4. A micro-arm MZI mode monitor as claimed in claim 1, characterized by a length of hollow fiber (13) welded between said broadband light source (1) and single mode fiber (3).

5. A method of manufacturing a micro-arm MZI mode monitor, characterized in that the method is based on a micro-arm MZI mode monitor according to any of claims 1-4, comprising the steps of:

S1, respectively stripping a section of single-mode fiber and a section of coreless fiber, then placing the single-mode fiber and the coreless fiber side by side into an optical fiber fusion splicer, and respectively fixing two ends in an optical fiber clamp;

S2, adjusting an optical fiber fusion splicer to be in a manual mode, controlling discharge intensity and discharge time, and performing arc discharge on two optical fibers to fuse the two optical fibers to obtain a first coupling point;

S3, repeating the step S2, and welding to obtain a second coupling point;

And S4, one end of the single-mode fiber is connected with a tail fiber interface of the broadband light source (1) through an FC/APC connector, and the other end of the single-mode fiber is connected with a tail fiber interface of the spectrum analyzer (10) through the FC/APC connector.

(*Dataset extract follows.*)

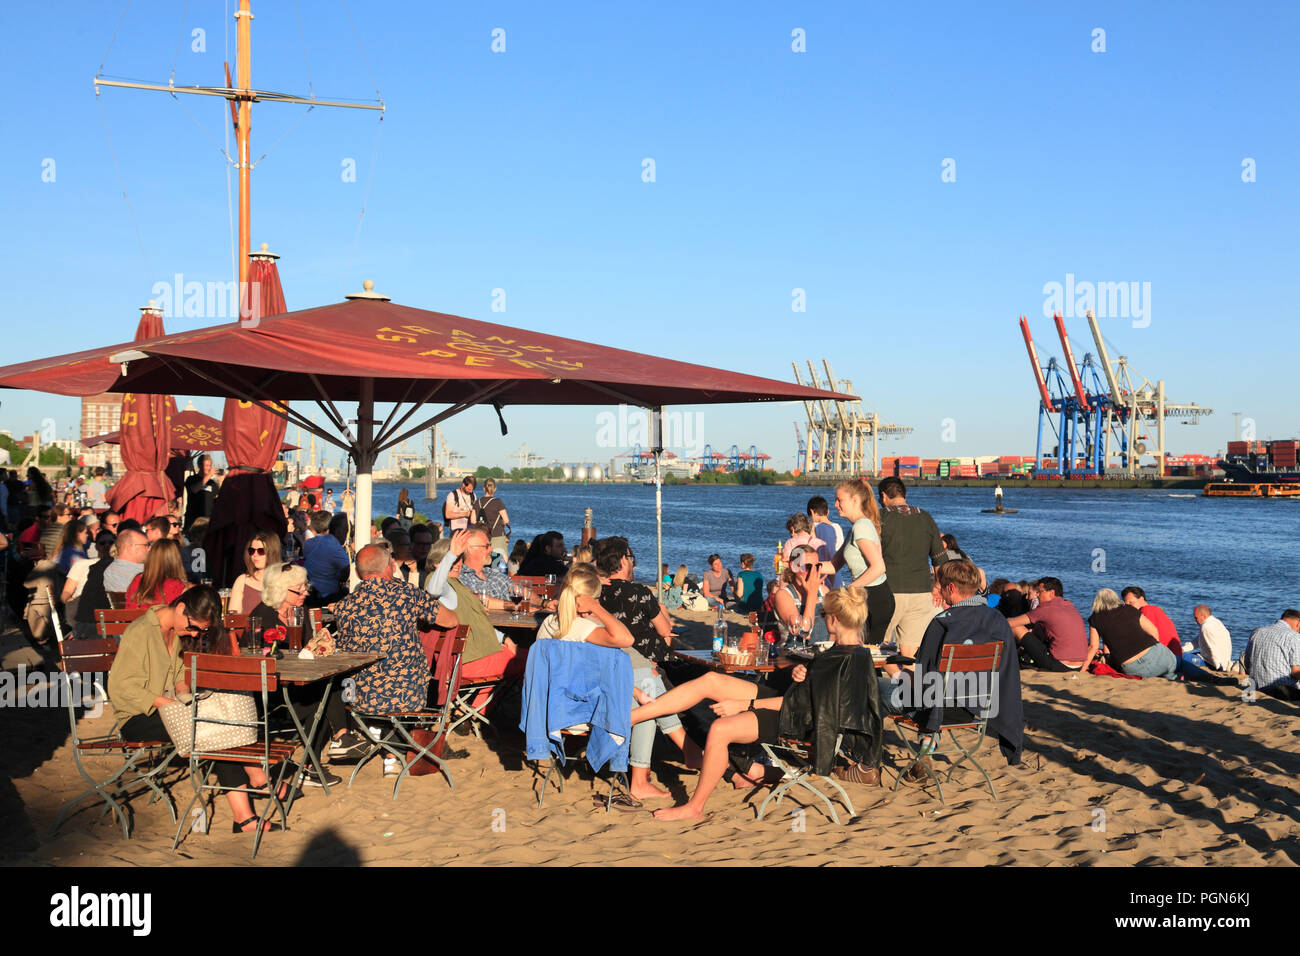 Bar STRANDPERLE on Elbe beach in the late afternoon, Oevelgoenne, Hamburg, Germany, Europe Stock Photo

6. The method of manufacturing a micro-arm MZI mode monitor of claim 5, wherein in said step S1, the two optical fibers are pulled tightly together and the two optical fibers and the discharge electrode are in the same plane.

7. The method according to claim 5, wherein in the step S2, the discharge intensity is 250 and the discharge time is 250ms.

8. The method of claim 5, wherein in the step S3, the distance between the first and second fusing points is 4.5cm.

9. The method of claim 5, wherein the single mode fiber has a core and cladding diameter of 8.2 μm and 125 μm, respectively, and the coreless fiber has a diameter of 125 μm.

10. A principle of operation of a microbeam MZI mode monitor according to any of claims 1-4, characterized in that the incident light output by the broadband light source (1) enters the beam splitting coupling point (4) through the single mode fiber one (3) and is split into two parts, one part of the light is transmitted in a fundamental mode form in the reference arm (6) made of the single mode fiber, the other part of the light is transmitted in a multimode form in the interference arm (5) made of the coreless fiber, the transmission phase shift of the light in the two modes is generated due to the fact that the transmission paths of the light in the interference arm (5) and the reference arm (6) are different, when the light signal reaches the coupling area (7), interference occurs due to the fact that the transmission phase shifts of the light signals in the different modes are different, the transmitted light is monitored to the spectrum analyzer (10) through the single mode fiber two (9), the transmitted light is monitored, the spiral micrometer (12) on the rotary translation stage is changed, the curvature of the microbeam MZI is adjusted, and the transmission characteristics and the spatial variation characteristics of the MZI are analyzed, so that the spectral characteristics are analyzed.